Grammy Foundation Grant Program Names 2014 Recipients
April 24, 2014 at 4:19 AM (PT)
The GRAMMY FOUNDATION Grant Program has announced the 15 recipients of over $200,000 in grants for research, archiving, and preserving recorded material for 2014.
THE RECORDING ACADEMY and GRAMMY FOUNDATION President/CEO NEIL PORTNOW said, "Over the course of its history, our GRAMMY FOUNDATION Grant Program has awarded more than $6 million to more than 300 worthwhile initiatives. Our grantees are noteworthy for the range and ambition of their endeavors, and this year's group includes such varied initiatives as the preservation of 400 recordings of innovative performances by pioneer composers and performers of jazz, world music and new music to a project that will be the first to identify how music can facilitate stroke patients' abilities to understand everyday speech. We are proud that the GRAMMY FOUNDATION Grant Program can be a philanthropic leader in the areas of archiving, preservation and scientific research."
- COUNTRY MUSIC FOUNDATION, INC./NASHVILLE: $10,810 to help preserve 650 rare and historic interviews with country music performers, songwriters, and industry personnel recorded between 1959 and 2000, copying existing CD-Rs to WAV files.

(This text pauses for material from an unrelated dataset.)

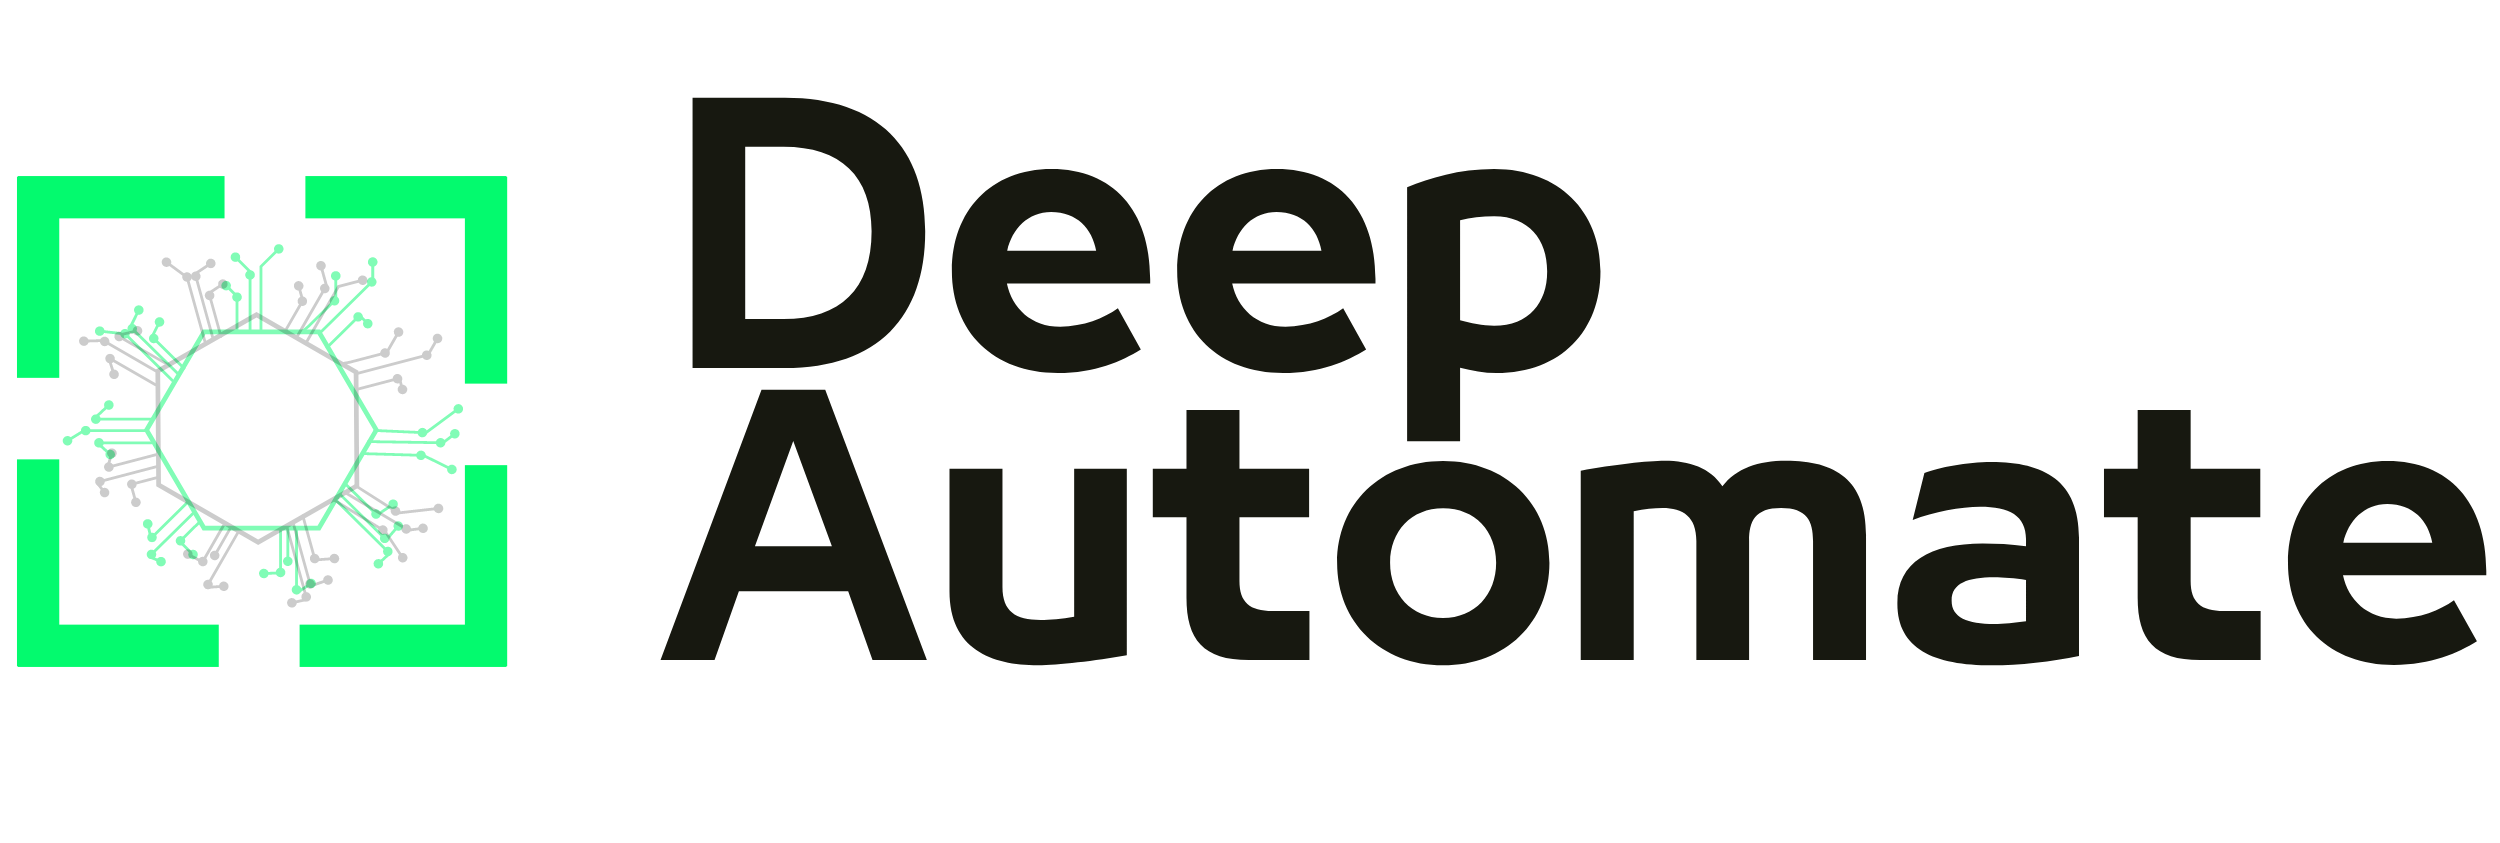 Deep Automate

- CREATIVE MUSIC FOUNDATION, INC./WOODSTOCK, NY: $11,600 to finalize the restoration of historically and artistically important audiotapes from an archive of over 400 jazz, world music and new music recordings.
- NEW YORK STUDIO SCHOOL OF DRAWING, PAINTING AND SCULPTURE/NEW YORK: $20,000 to digitize the school's lecture archive.
- THE REGENTS OF THE UNIVERSITY OF CALIFORNIA/LOS ANGELES: $19,350 for the UCLA FILM AND TELEVISION ARCHIVE to preserve 600 original transcription disks of GERTRUDE BERG's radio classic "THE GOLDBERGS."
- Special Collections and Archives, ALBERTSONS LIBRARY, BOISE STATE UNIVERSITY/BOISE: $11,747 to digitize and preserve 225 acetate discs and reel-to-reels of IONE LOVE THIELKE's radio shows ane recordings of regional poetry set to her music and local musicians.
- WING LUKE MUSEUM of the ASIAN PACIFIC AMERICAN EXPERIENCE/SEATTLE: $13,114 to preserve 251 Chinese opera tapes recorded from 1960-1975.
- CORPORACION DE LAS ARTES MUSICALES/PABLO CASALS MUSEUM/SAN JUAN, PR: $5,000 to identify deterioration factors for its musical documentary collection and design strategies to safeguard and preserve the musical heritage of Latin American and Puerto Rican symphonic composers and musicians from the CASALS FESTIVAL and the PUERTO RICO SYMPHONY.
- GENESEE VALLEY COUNCIL ON THE ARTS/MT. MORRIS, NY: $5,000 for description, cataloging and stabilization of recordings made by SUNY GENESEO Professor JAMES KIMBALL.
- JIM METZNER/KINGSTON, NY: $4,992 to create an archive for world music and ambient sound field recordings made on DATs.
- TEXAS FOLKLIFE/AUSTIN: $5,000 to hire consultants from the UNIVERSITY OF TEXAS SCHOOL OF INFORMATION SCIENCES to plan, assess, and prepare its archive of audio recordings of TEXAS folk and traditional arts performances, field recordings, and interviews.
- ARIZONA STATE UNIVERSITY FOUNDATION/TEMPE: $19,464 for research on music's role in stroke rehabilitation.
- UNIVERSITY OF CALIFORNIA, DAVIS/DAVIS, CA: $20,000 for research on why Alzheimer's disease patients retain memory for music from their past.
- UNIVERSITY OF CALIFORNIA, SAN FRANCISCO/SAN FRANCISCO: $19,636 for research on why the mind responds to musical cues signaling future events and how rhythm training may mitigate age-related declines in anticipatory attention, perception, and memory.
- UNIVERSITY OF MARYLAND, COLLEGE PARK/COLLEGE PARK, MD: $20,000 to research why musicians show advantages in second-language learning as adults.
- UNIVERSITY OF MEMPHIS AND THE UNIVERSITY OF MEMPHIS RESEARCH FOUNDATION/MEMPHIS: $20,000 to research the potential benefits of musical training in strengthening the ear and preventing noise-induced hearing loss.